Eric Deggans: That's an interesting point. I was talking with David Simon, the creator of The Wire, about this not too long ago. He made a great point, which is that on most of these shows the camera, and therefore the perspective of the audience, is always with the police officer so that it's the police officer who's humanized, and the show was focused on them. A show like Cops, or like SWAT, or FBI, or Law and Order, it's always about the perspective of the police officers or the prosecutors.
You're encouraged to sympathize with them, identify with them and see every story from their perspective. When you're trying to talk about something like systemic prejudice or racism in policing against people of color, the place where you place the camera is not with the cops. That's why it's so hard for these shows, because the problem that people are trying to articulate about how people of color are being policed is that it's a system that every cop that's a part of it.
Even though police officers, there are a lot of great people who are police officers who want to do the right thing, the question is whether the system forces them into situations where they end up doing not great things. If the name of your show was FBI, or if the name of your show is SWAT, that can't be a message that the show can be comfortable transmitting.
It's always got to be number one. It's the thin blue line, courageous cops are the protectors of society against terrible criminals. Also, individual cops can be heroic and rise above whatever terrible decisions about policing produce incidents, like what happened to George Floyd. Both of those ideas are things that society wants to believe, but not necessarily what happens in real life.
Melissa Harris-Perry: Let me ask this tough piece then, now that we're a year in, can this moment be in fact transformational, given the systemic realities that you've just pointed out? Is it possible for us to see real meaningful change in Hollywood?
Eric Deggans: I think it is possible for us to see different kinds of stories, but I don't think we're going to see those kinds of stories from your typical police procedurals on broadcast television, because, as I said, the whole framework of the narrative that they're telling just makes it impossible to do that. Also, this takes time. I remember when 9/11 happened, and there were TV shows that tried, right away, to tell stories that were related, to 9/11.

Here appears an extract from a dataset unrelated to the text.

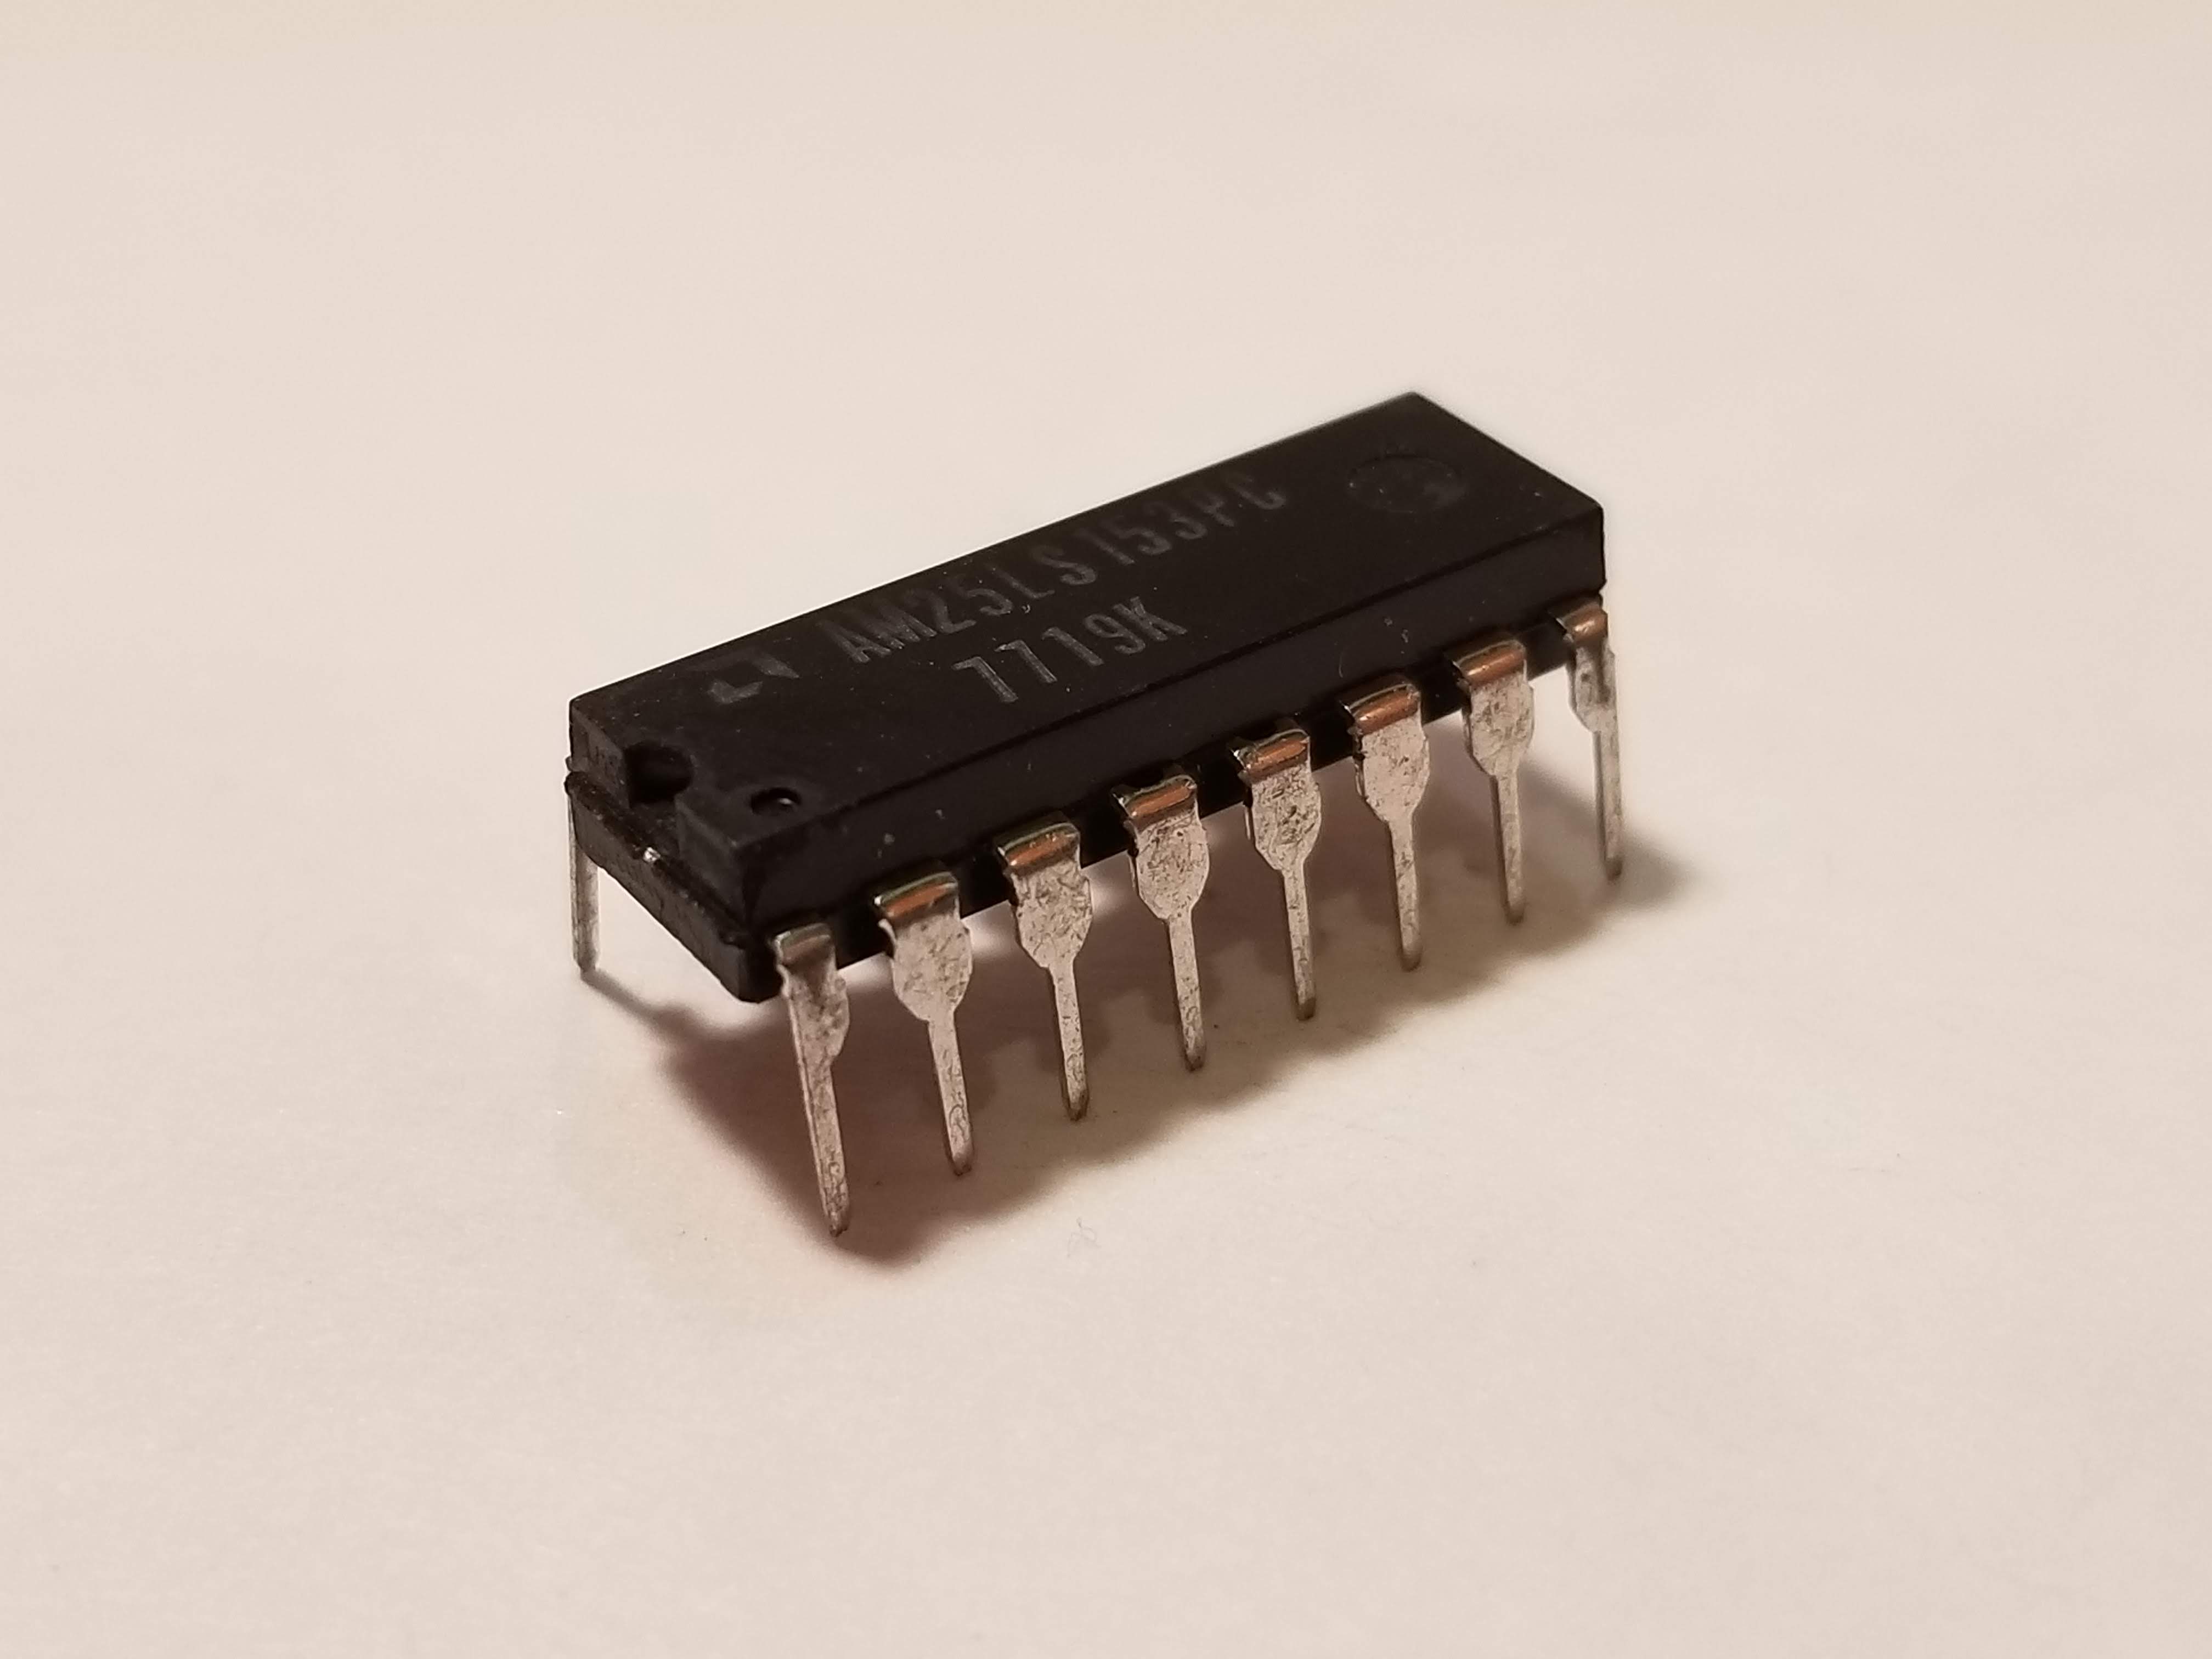 Picture of 74153 Dual 4-to-1 Multiplexer
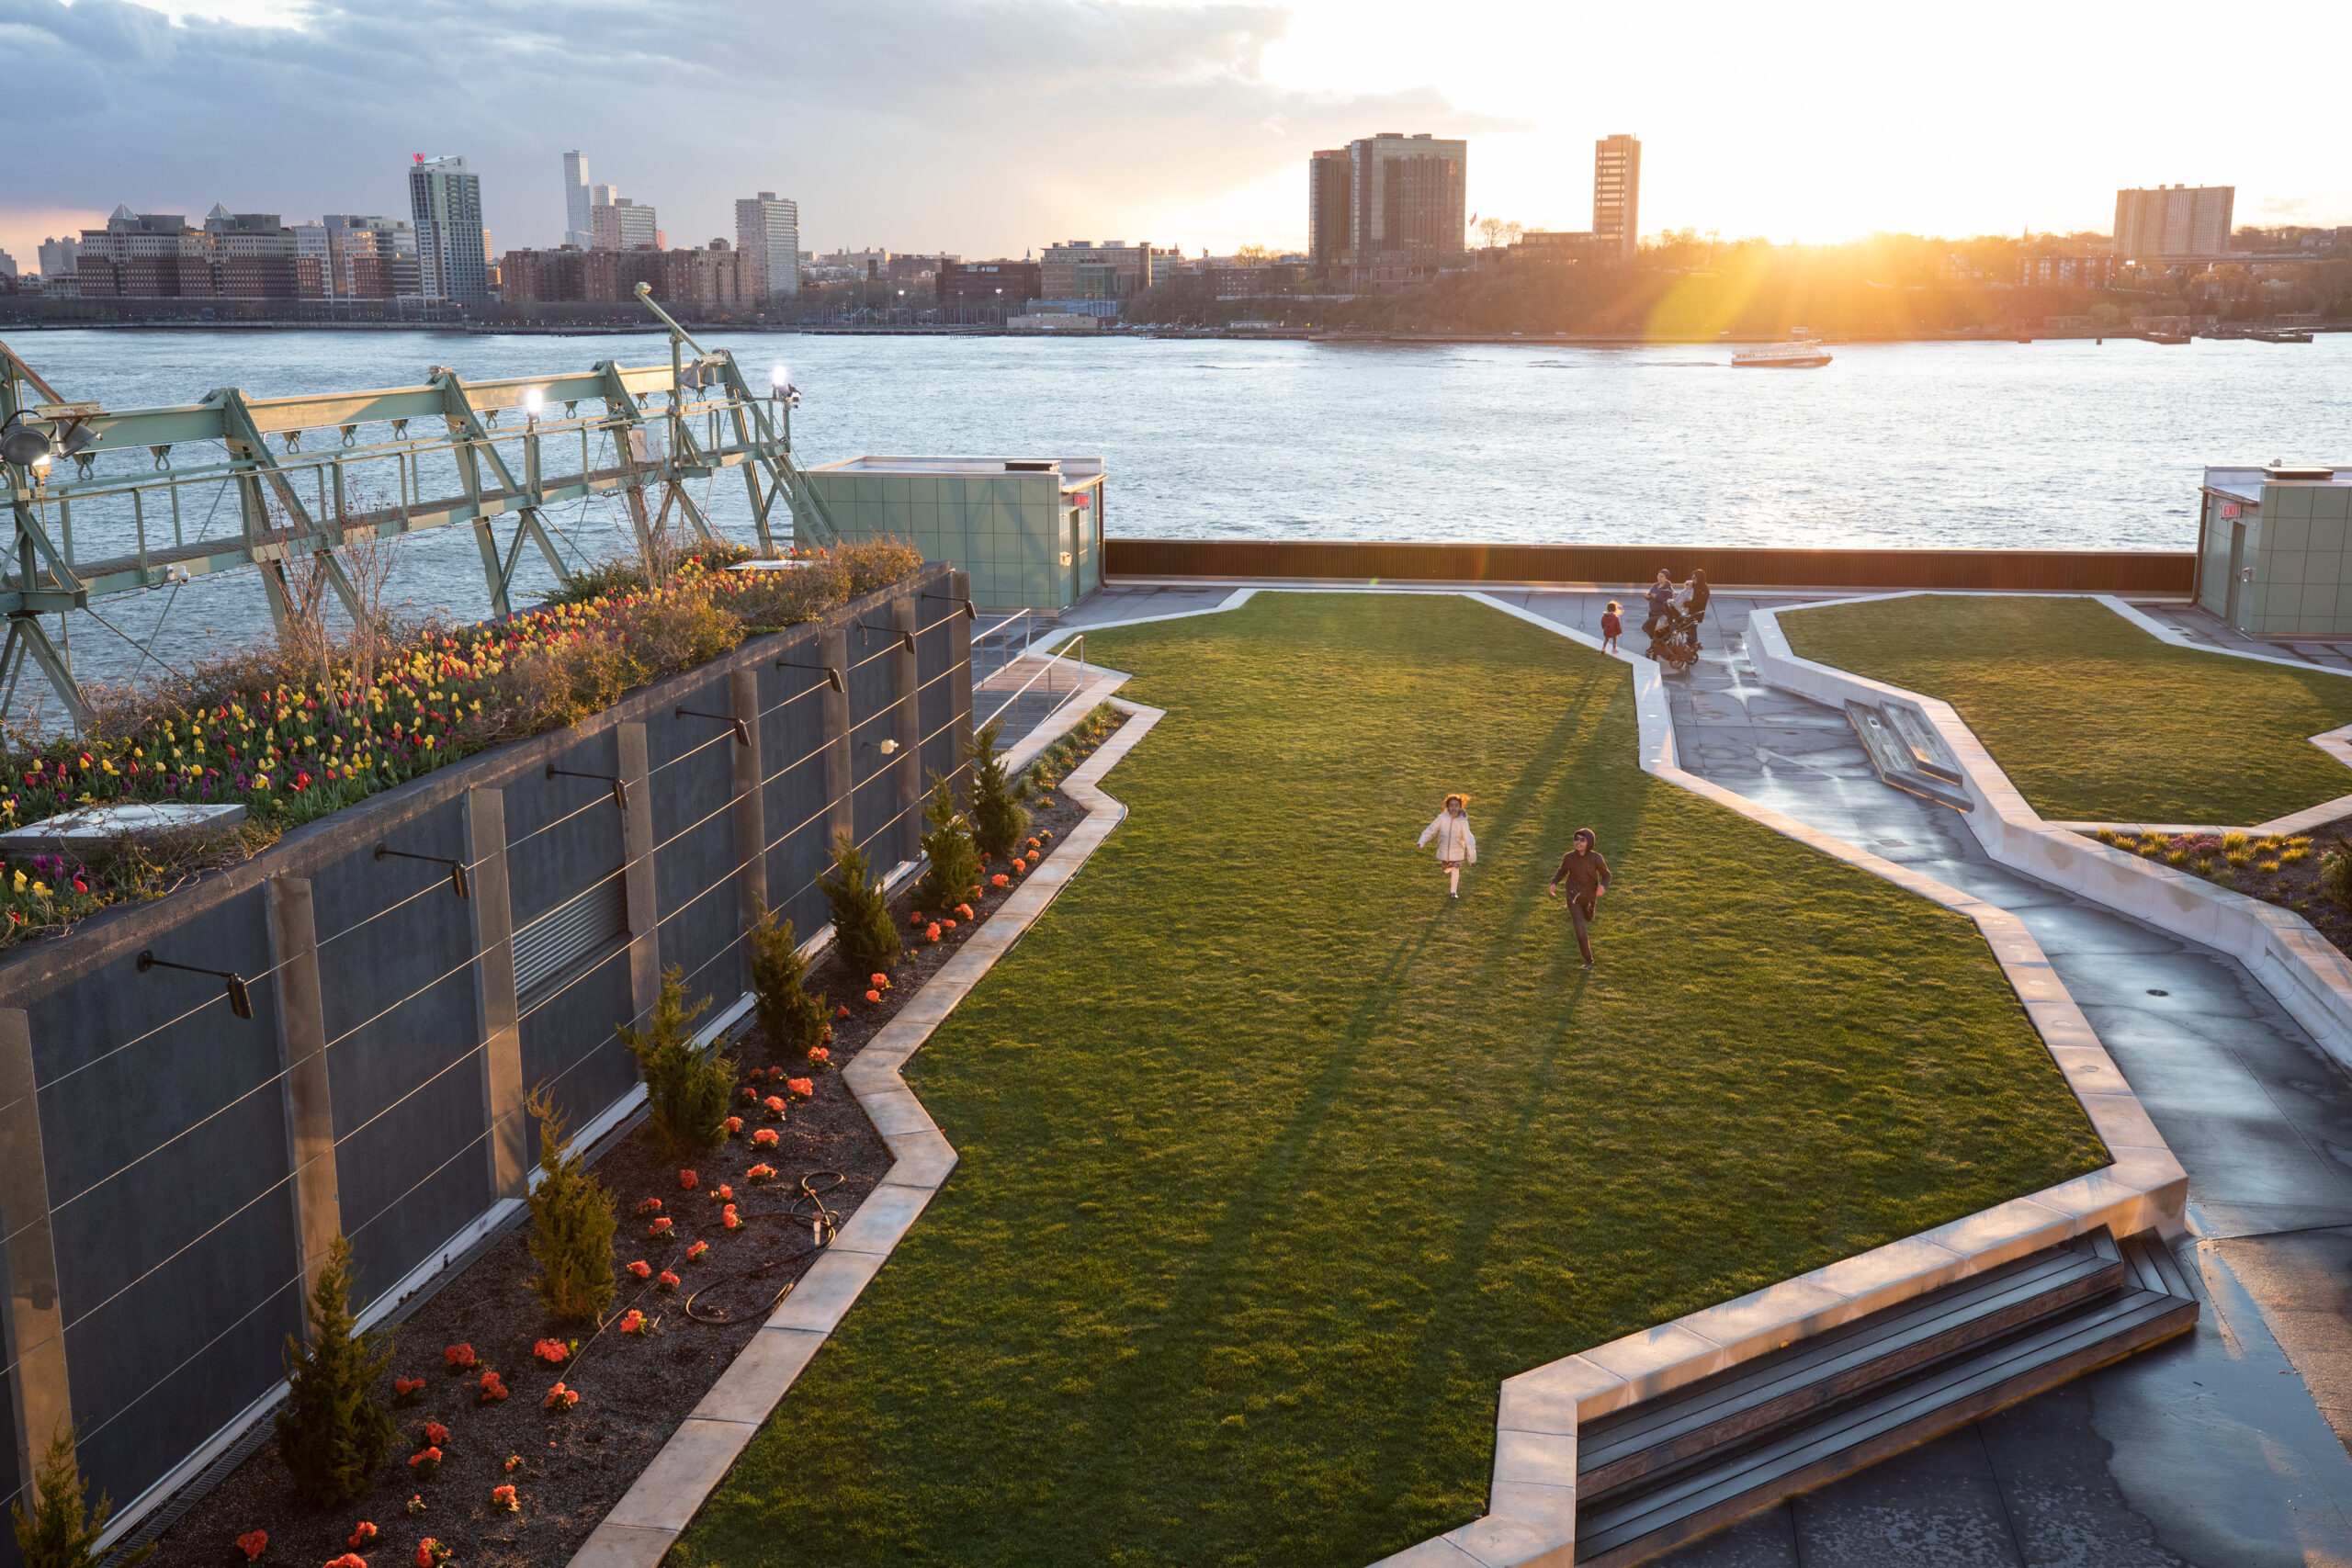 Sunset over Pier 57 Lawn

They were clunky and they were awkward, because it takes time to process something that monumental, and then create a piece of television that really speaks to it. I think part of the problem, too, is that the industry has shut down over the summer. You had all these writers rooms that were meeting by Zoom, George Floyd was killed in May, and so all these writers were starting up again.
You had all these writers that wanted to try and tackle this, but the impact was fresh. They were working in these very narrow constraints, the shows that were already established, that already had their heroes and villains plotted out. What I'm expecting to see is new products that will be configured from the ground up to tell these stories in a way that makes sense and that gets at some of the structural inequalities and the systemic racism. That's what I'm waiting for, and that takes time.
Melissa Harris-Perry: In that sense, I suppose change and policing, change in Hollywood is much like democracy itself. We got to process it, and it takes time to build something new. Eric Deggans, television critic for NPR. Thank you for joining us today.
Eric Deggans: Thank you. Thanks for having me.